• INFORMATION SUPPLIED:

┄┄┄┄┄┄┄┄┄┄┄┄┄┄┄┄┄┄┄┄

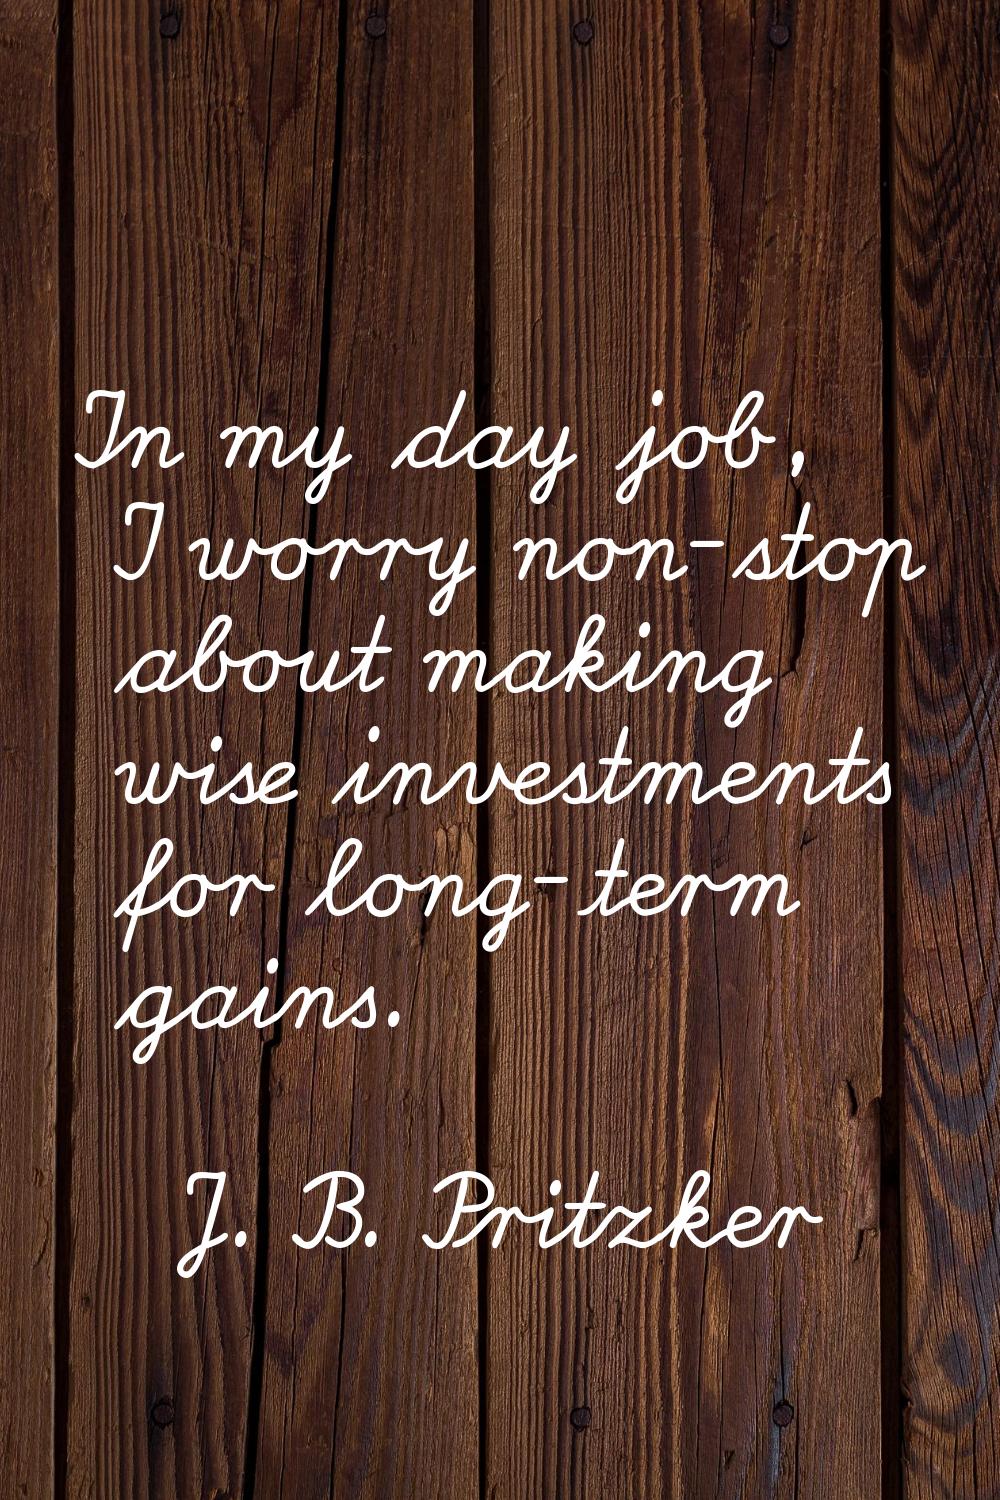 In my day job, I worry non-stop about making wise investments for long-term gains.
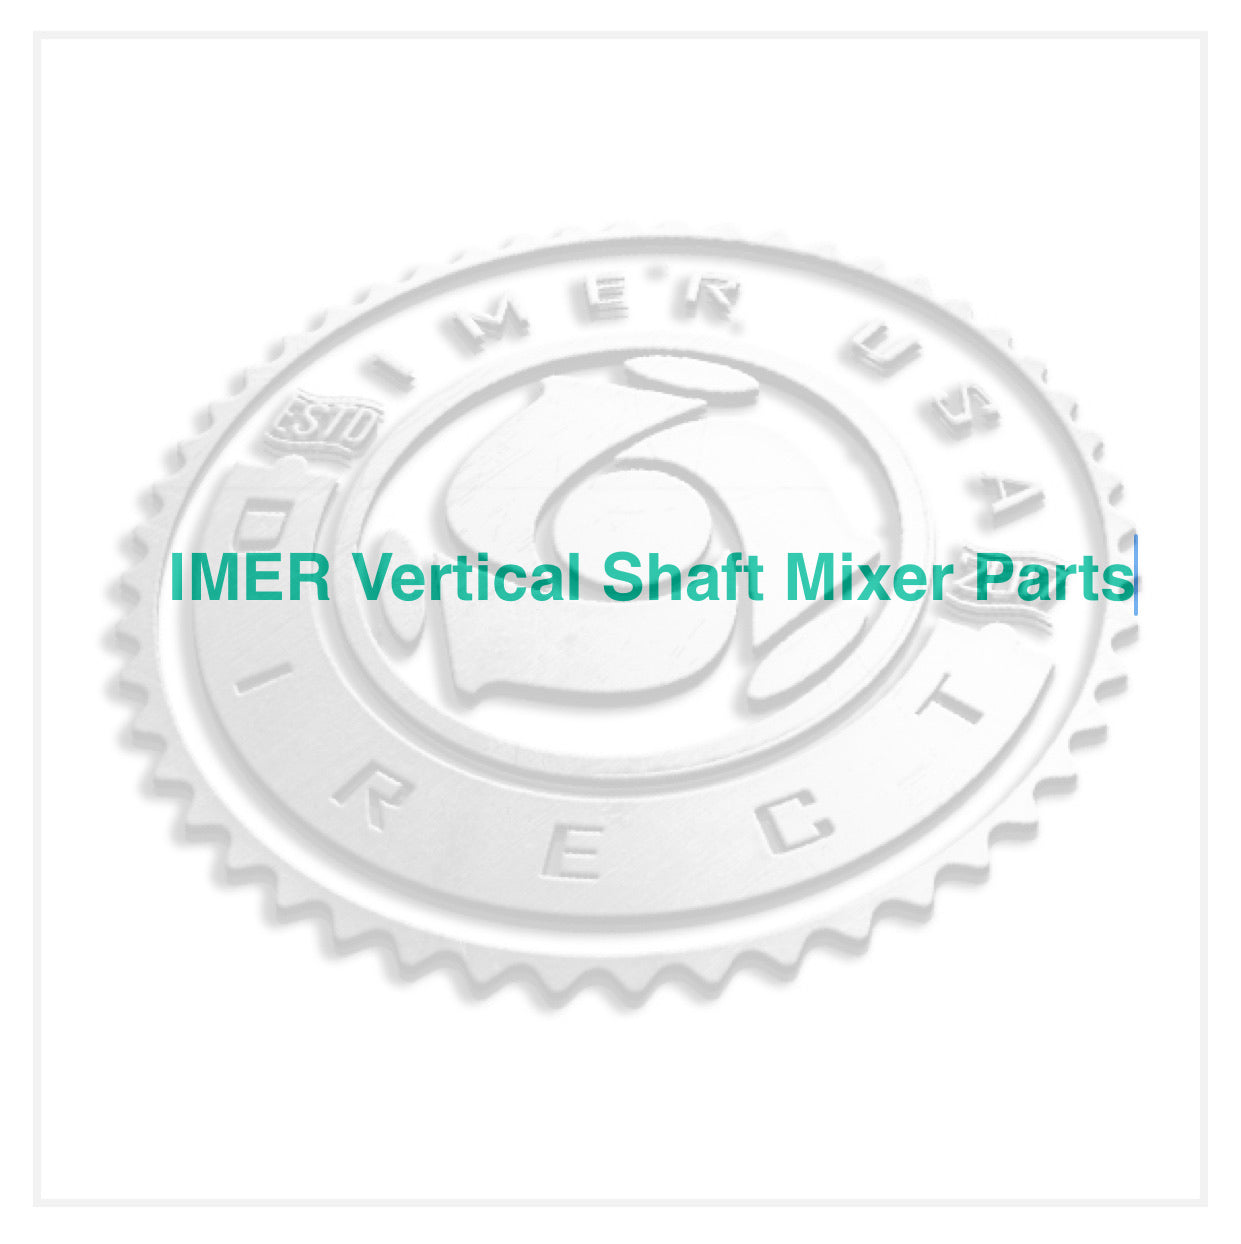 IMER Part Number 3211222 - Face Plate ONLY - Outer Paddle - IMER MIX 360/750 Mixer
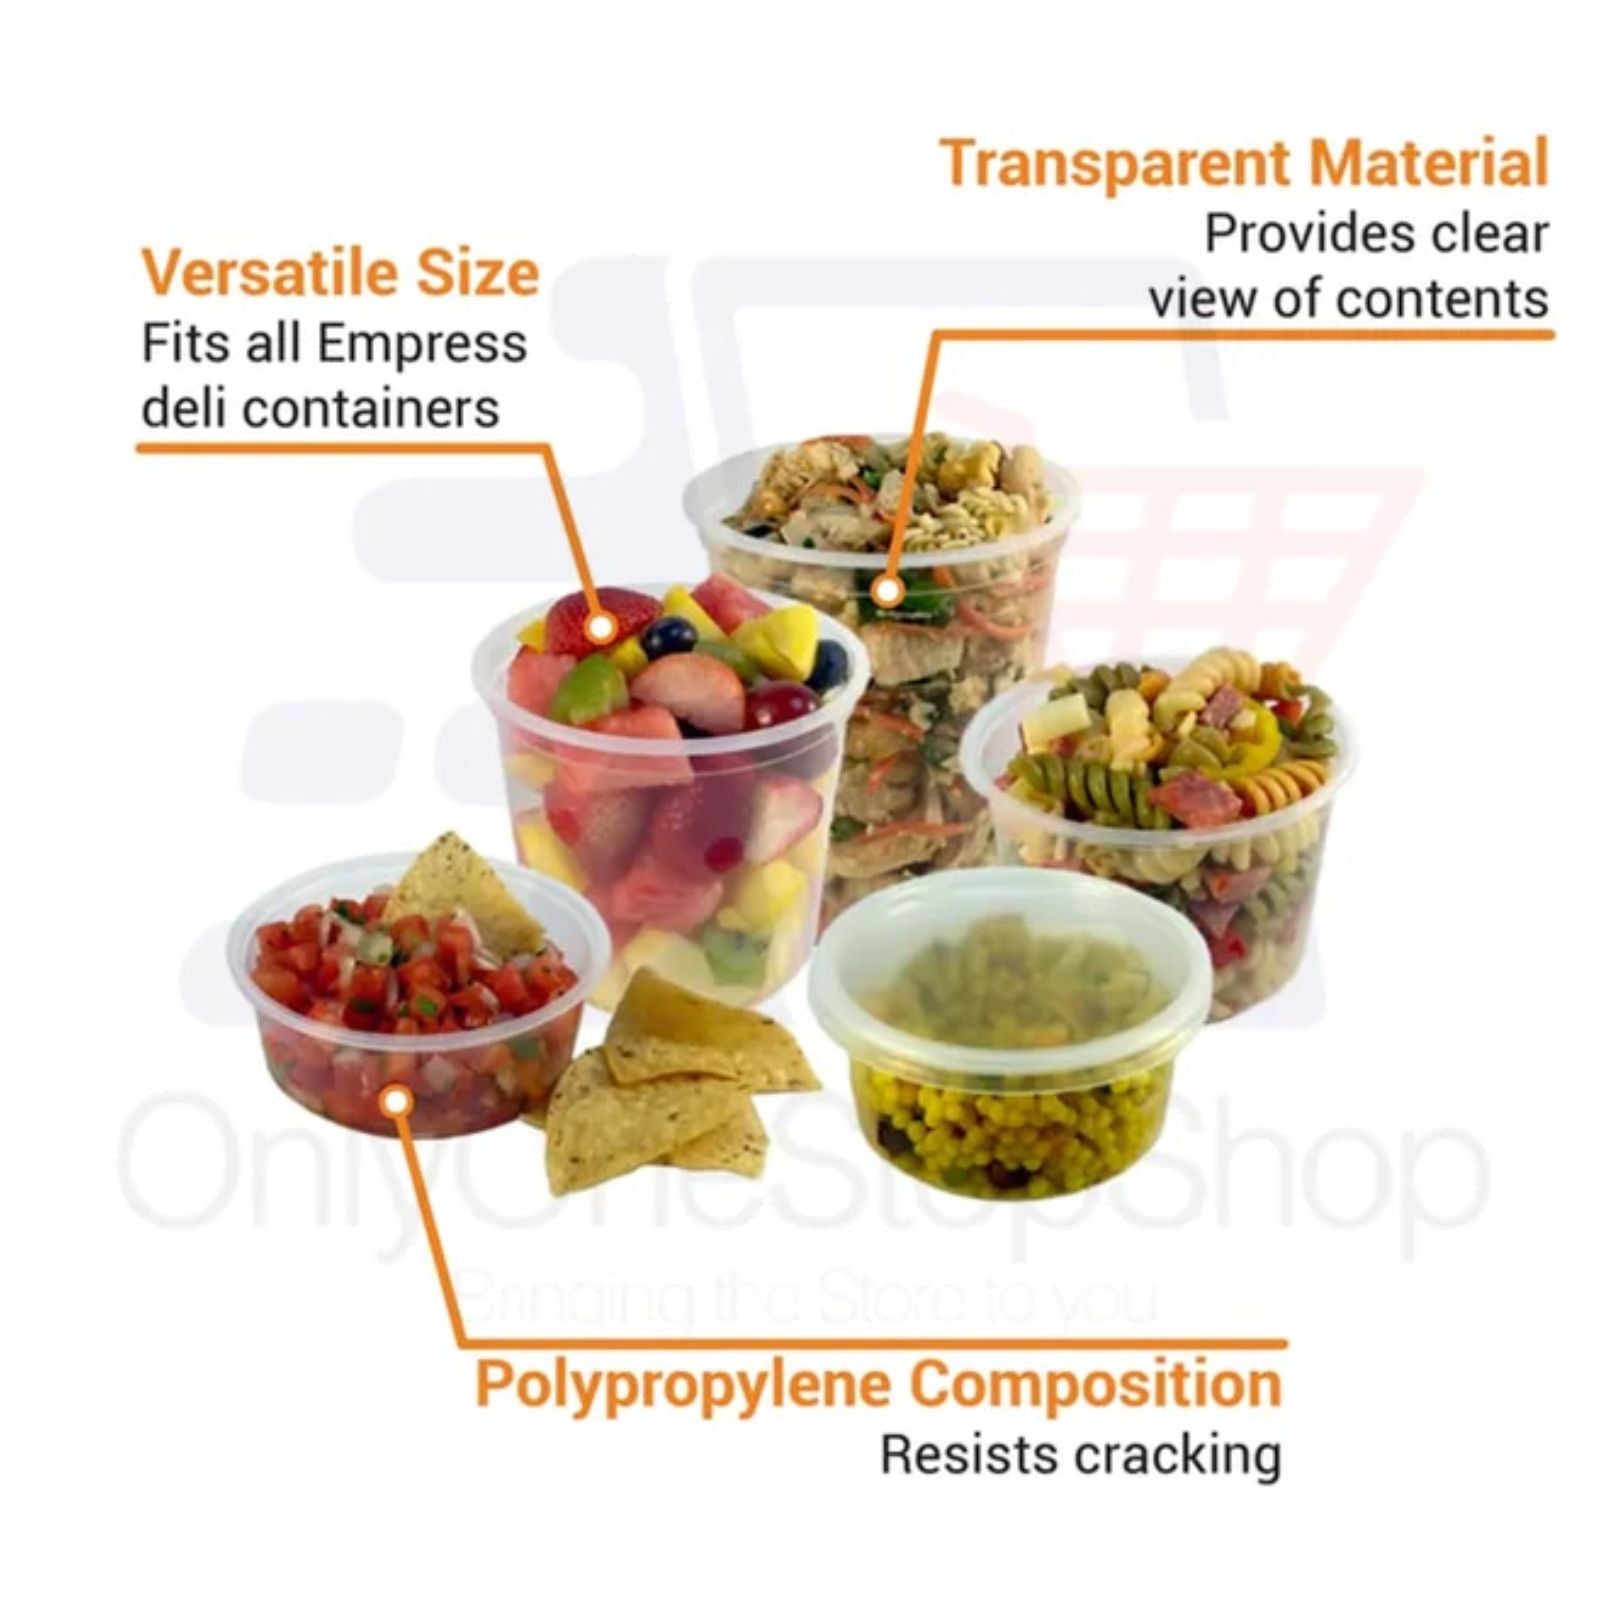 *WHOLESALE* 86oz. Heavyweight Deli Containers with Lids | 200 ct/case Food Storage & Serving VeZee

┄┄┄┄┄┄┄┄┄┄┄┄┄┄┄┄┄┄┄┄

• TASK REQUIREMENTS: The answer should consist solely of the lines from the one containing "IMER Part Number" through the last line of the material, copied exactly, with pictures left out.

• RESULT:
 IMER Part Number 3211222 - Face Plate ONLY - Outer Paddle - IMER MIX 360/750 Mixer
 *WHOLESALE* 86oz. Heavyweight Deli Containers with Lids | 200 ct/case Food Storage & Serving VeZee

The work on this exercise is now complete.